Sid-Ahmed Berrani received in February 2004 the Ph.D. degree in Computer Science from the University of Rennes 1, France. His Ph.D. work has been achieved at IRISA-INRIA, Rennes and was funded by Thomson R&D France. It concerned multimedia indexing, content-based image retrieval, and similarity search in very large image databases. He then spent 6 months as a Research Follow in the Sigmedia Group at the University of Dublin, Trinity College, where he has been working on video indexing and multidimensional data analysis. Since November 2004, Sid-Ahmed Berrani is a Researcher at France Telecom R&D Rennes where his research interests include image and video indexing, pattern recognition and image classification.

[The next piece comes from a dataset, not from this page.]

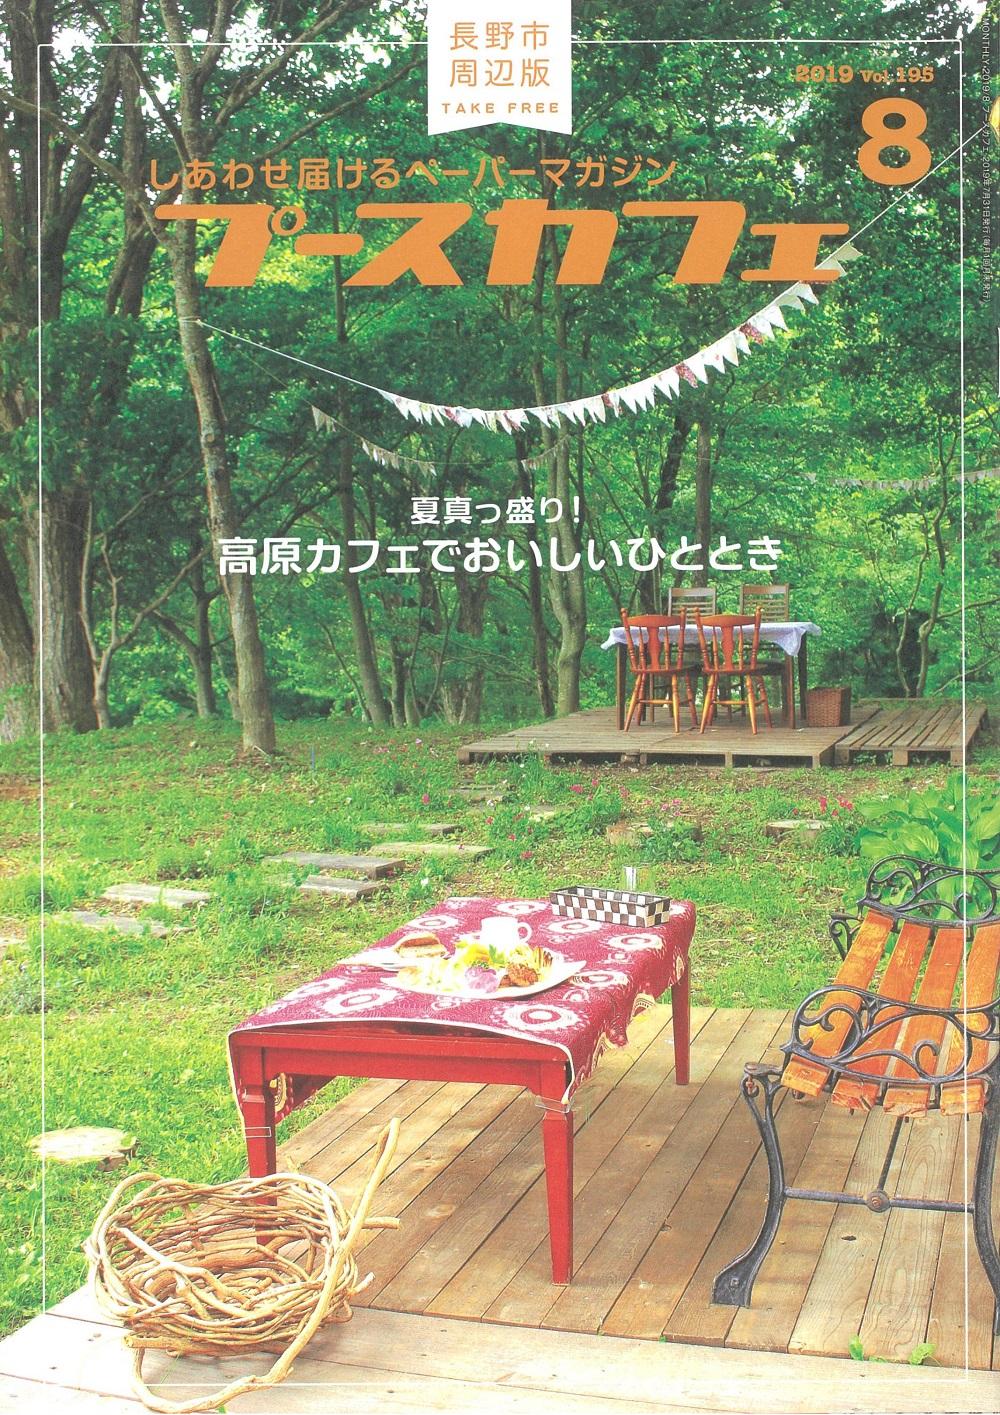 20190727_プースカフェ8月号_COVER.jpg

Christophe Garcia received the Ph.D. degree in Computer Vision from the University of Lyon I, France, in 1994. He has been involved in various computer vision research projects during his stay of three years at the IBM Vision Automation Group, France, and at the Computer Vision Center of the Autonomous University of Barcelona, Spain. As a fellow of the European Consortium in Informatics and Mathematics (ERCIM), he spent one year at the German National Research Center (now Fraunhofer Institute), working toward the development of autonomous and multiagents robots. From 1997 to 2002, he was a researcher at the Foundation for Research and Technology Hellas (FORTH), and a visiting Professor at the Computer Science Department of the University of Crete, Greece, where he was teaching Artificial Neural Networks and Pattern Recognition. In 2003, he spent 10 months at IRISA-INRIA, Rennes, France, working in the field of automatic video structuring and indexing. Since December 2003, Dr. Garcia is a Senior Expert Researcher at France Telecom R&D, leading research activities in Multimedia Content Indexing. His current research activities are in the areas of neural networks, pattern recognition, image and video analysis, and computer vision. He holds 15 industrial patents and has published more than 60 articles in international conferences and journals. He is currently associate editor of Int. Journal of Visual Communication and Image Representation (Elsevier), Image and Video Processing (Hindawi), Pattern Analysis and Application (Springer-Verlag) and Pattern Recognition (Elsevier).